This post is by Jacqueline Katz, the 2022-2023 Albert Einstein Distinguished Educator Fellow at the Library of Congress.
Scale, proportion, and quantity are three concepts that appear across all scientific disciplines. A quantity is an amount or number; scale is the size of an image or model in relation to the actual object; proportion is one quantity compared to another. Of these three concepts, scale can be the most challenging, especially for objects as large as planets and as small as molecules. Recent and historical scientific images provide a focal point to explore scale.

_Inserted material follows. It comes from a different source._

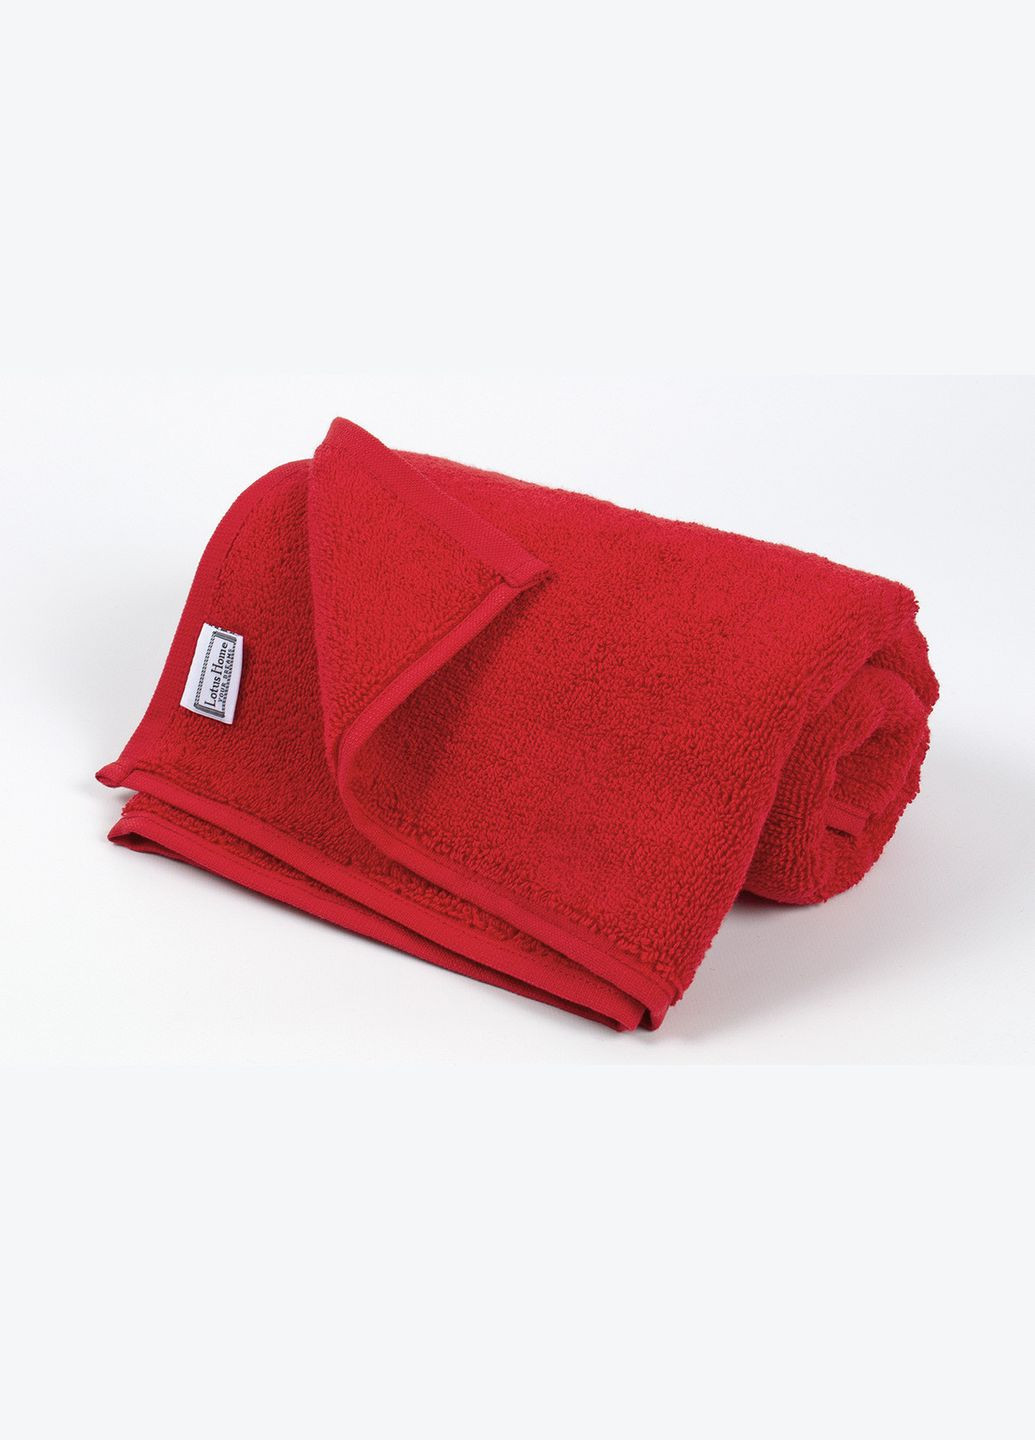 Lotus полотенце отель - v1 70*140 красный производство -

Using a microscope, Marcello Malpighi created hundreds of images of animal and plant tissues. Malpighi published many of his plant illustrations in “Anatome plantarum” between 1675 and 1679. Distribute this page at the start of a unit on plants, photosynthesis, or microscopy, and allow time for students to make and record initial observations and reflections on the Primary Source Analysis Tool. Once students have made individual observations, provide time for them to discuss in small groups or as a class.
Next, ask students to cut out each of the six figures and to determine which figures are “zoomed in” portions of other figures. Provide groups of students with whiteboards, so they can draw arrows between the various figures to represent these connections. As students are working with the figures, remind them to record additional questions that come up in their groups.
After students develop a working diagram, ask them to justify their choices using evidence they have observed. For example, one student group may claim that Figure 105 is a zoomed-in portion of Figure 103 due to the similarity in pattern, as well as the presence of thin veins connected to thicker veins. Invite student groups to share their thoughts, noting that multiple hypotheses can be generated to explain a single observation.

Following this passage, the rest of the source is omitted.